Genes exhibiting normalized read counts exceeding 1.0 TPM in both the HP and LP groups were selected for cluster analysis employing Euclidean distance (Figure 3A,B). A total of 10 clusters were identified (from C1–C10). The genes in cluster C3 showed a significant relationship with the seed storage protein activity pathway. In contrast, the other clusters did not display strong specificity or representativeness. Within cluster C3, 12 and 9 genes were clustered in the HP group and LP group, respectively (Supplementary Table S1). Out of the 12 genes in the HP group, 7 candidate genes were DEGs at 20 DAF with a p-value < 0.05, showing no significant difference at 30–50 DAF. And among these seven genes, five were found to be overlapping with the LP group, and two were uniquely clustered in the HP group. Impressively, all genes within this subset exhibited enhanced expression levels relative to the LP group, suggesting their potential regulatory roles in the regulation of seed storage protein activities (Table 1). Notably, a total of nine genes were identified as overlapping between the two groups (Supplementary Table S1), with seven of these genes displaying enrichment in GO terms associated with storage protein functions.
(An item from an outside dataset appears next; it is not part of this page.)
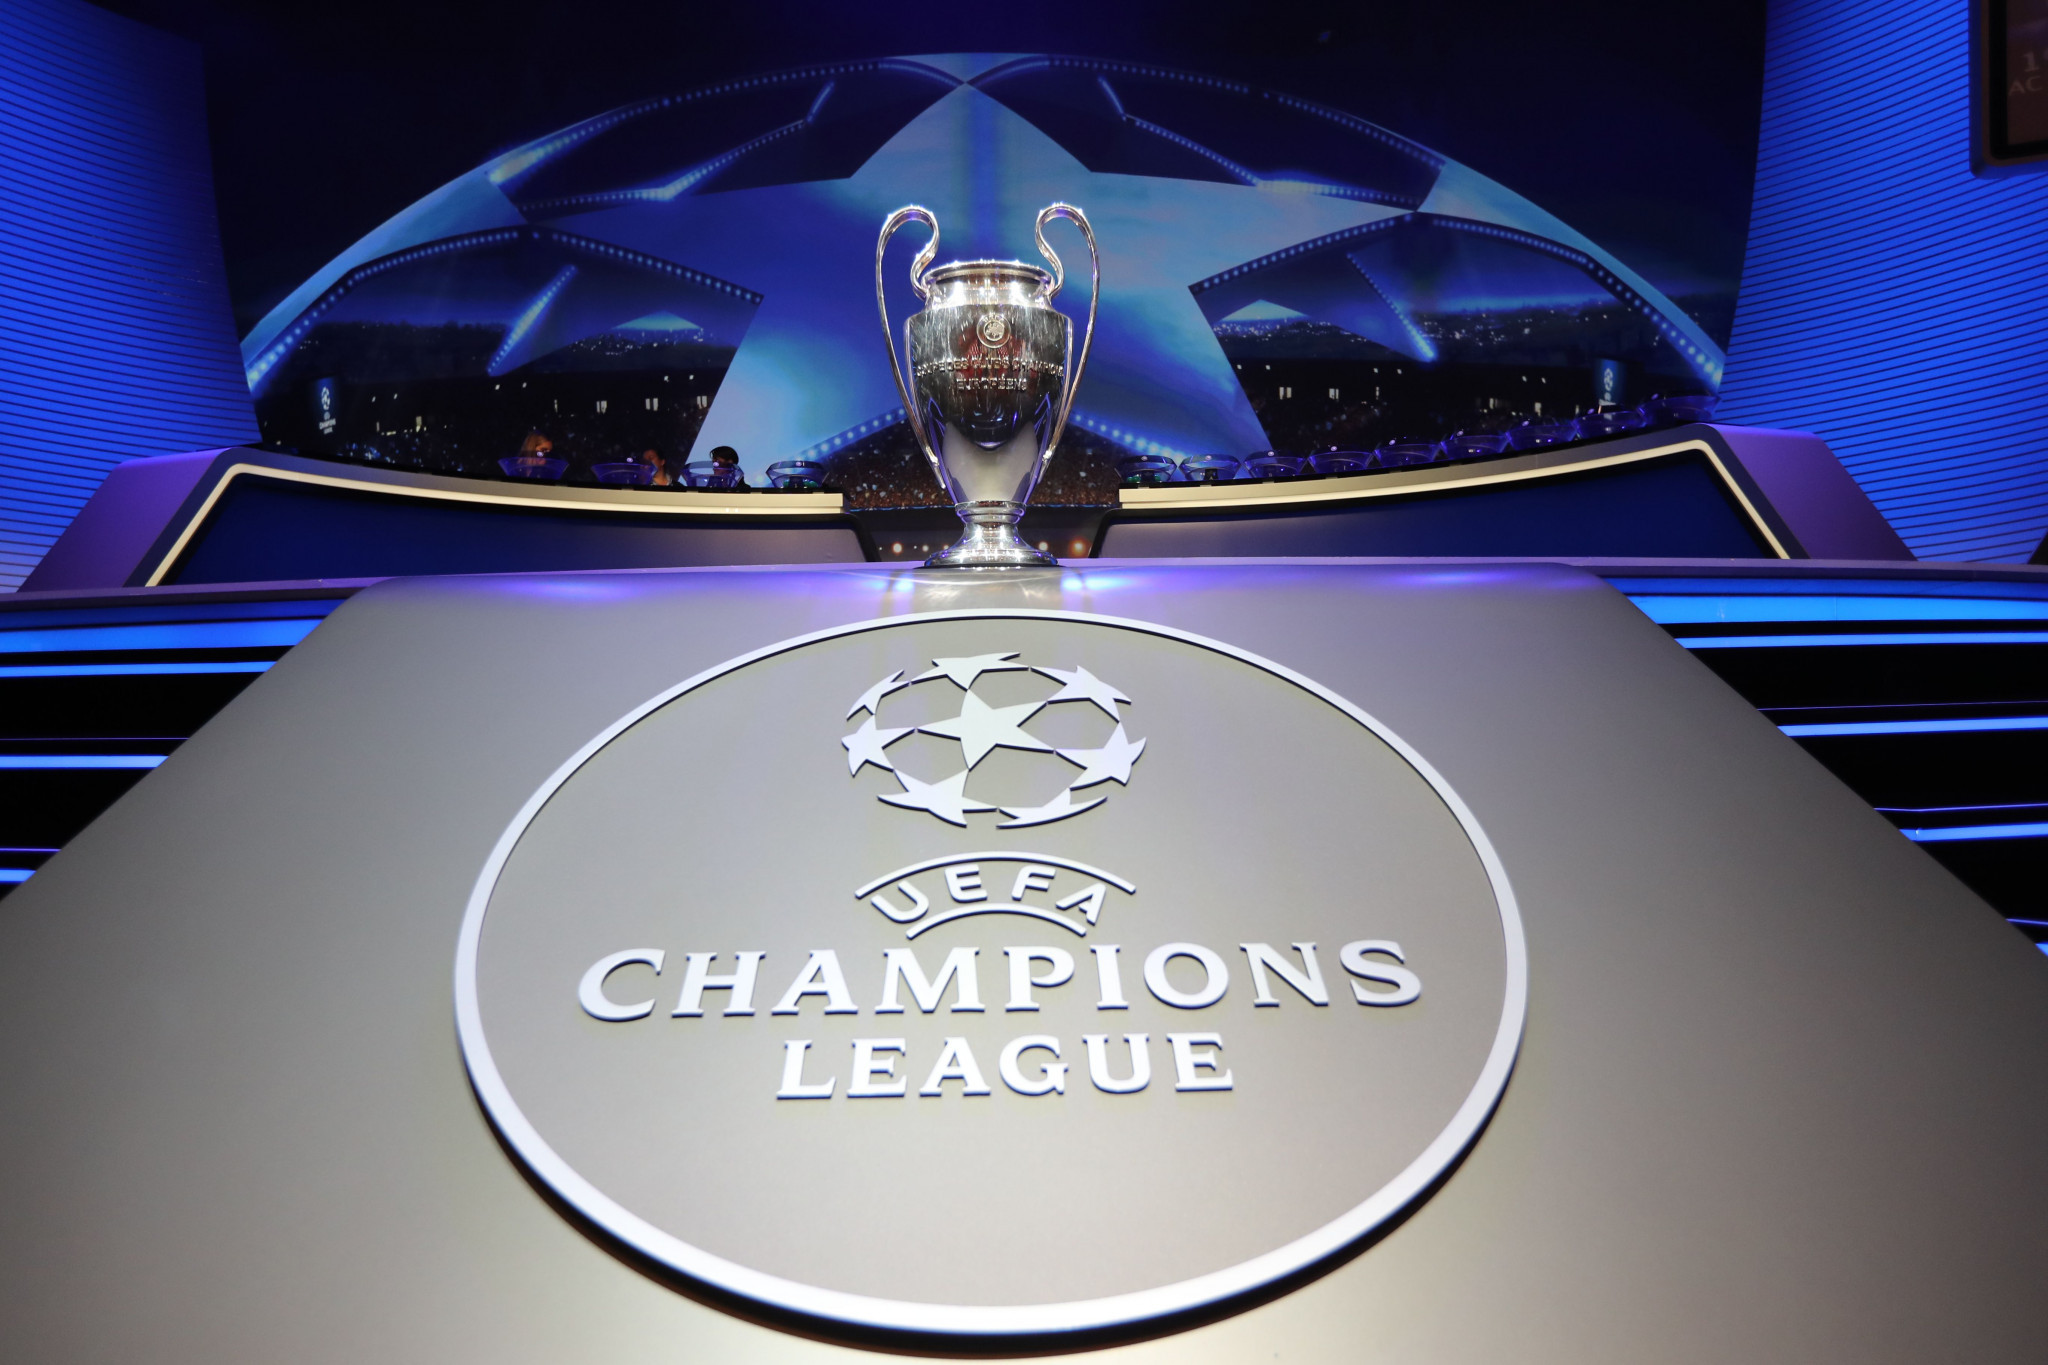 UEFA looking certain to move Champions League final after Russian invasion of Ukraine
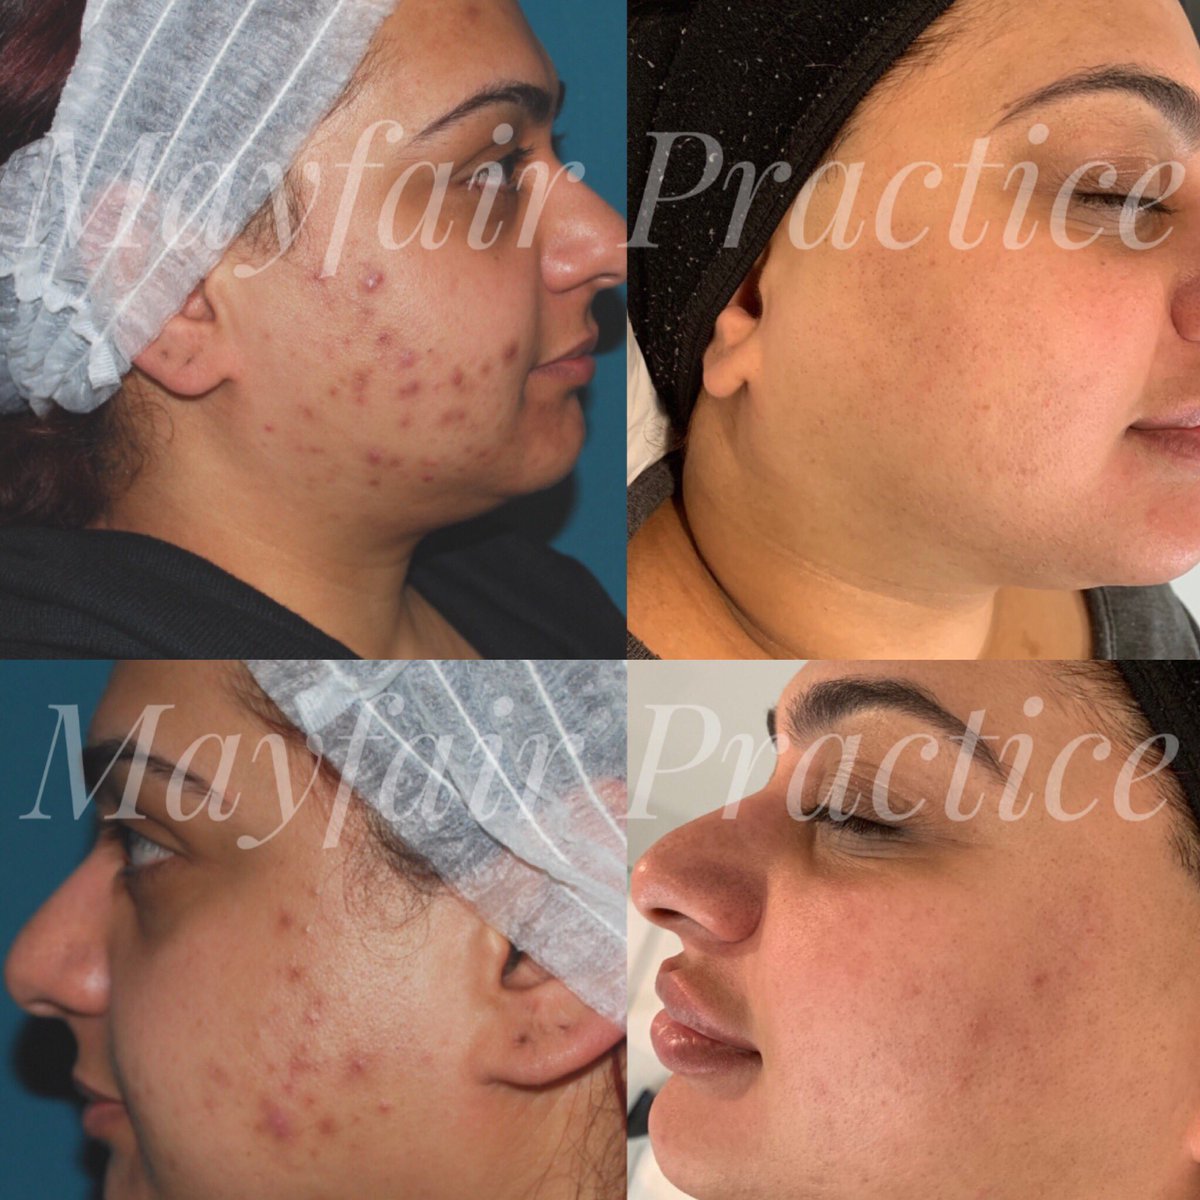 You might not believe us when we tell you that Chandli can work serious magic with skin ✨ We’ll let the pictures do the talking. If you’ve got any skin concerns, make sure to book your consultation with Chan 🤩 mayfairpractice.co.uk

Among these seven overlapping genes, six were enriched in GO:0045735, a functional annotation corresponding to nutrient reservoir activity, which are involved in storage protein metabolism. The gene functional annotations were derived from William82.a4.v1, which is available in Soybase (https://www.soybase.org/, accessed on 26 December 2024) and Phytozome (https://phytozome-next.jgi.doe.gov/, accessed on 26 December 2024). Specifically, Glyma.10g246300 and Glyma.20g148400 were functionally annotated as Beta-conglycinin alpha prime subunit proteins. Glyma.13g123500 was annotated as a glycine protein, and Glyma.20g148300 was identified as a member of the cupin superfamily. Glyma.13g194400 and Glyma.20g148200, which exclusively clustered within the HP group, were annotated as Albumin I chain b and Beta-conglycinin and beta chain-like proteins, respectively. The remaining gene, Glyma.02g012600, was identified as containing a legume lectin domain (Lectin_legB), which was enriched in GO:0030246 related to carbohydrate binding (Table 1).
The transcriptomic profiles of these seven genes are illustrated in the heatmap (Figure 3C). Interestingly, the two genes unique to the HP group exhibited a distinct expression pattern in comparison to those in the LP group. Two genes, Glyma.13g194400 and Glyma.20g148200, displayed up–down expression patterns in the HP group, contrasting with the up-regulation observed in the LP group (Figure 3C). The remaining five genes exhibited a uniform up–down expression pattern.

3.5. WGCNA and Visualization

A total of 23,594 genes with an average TPM > 1 across all samples were used to perform WGCNA. A gene cluster dendrogram was generated and partitioned into distinct modules by examining the correlation coefficients among these genes. Each module represents a cluster of highly interconnected genes with robust correlation coefficients inside the cluster. Ultimately, nine unique distinct modules (labeled with different colors) were identified (Figure 4A). Of particular interest, two of these modules demonstrated significant associations with LP_20 and HP_50 during soybean seed development (Figure 4B). The gene expression patterns within these modules showed notable differences between the HP and LP groups (Supplementary Figure S3). The blue module, containing 321 identified genes, showed a significant positive correlation with LP_20. Within this module, Glyma.03g086200 was identified as a candidate hub gene (Figure 4C), annotated as peptidyl-prolyl cis-trans isomerase FKBP62. In contrast, the green module, consisting of 86 genes, revealed a negative relationship with HP_50. Similarly, Glyma.02g272400 emerged as a candidate hub gene, annotated as abscisic aldehyde oxidase (AAO3) (Figure 4D).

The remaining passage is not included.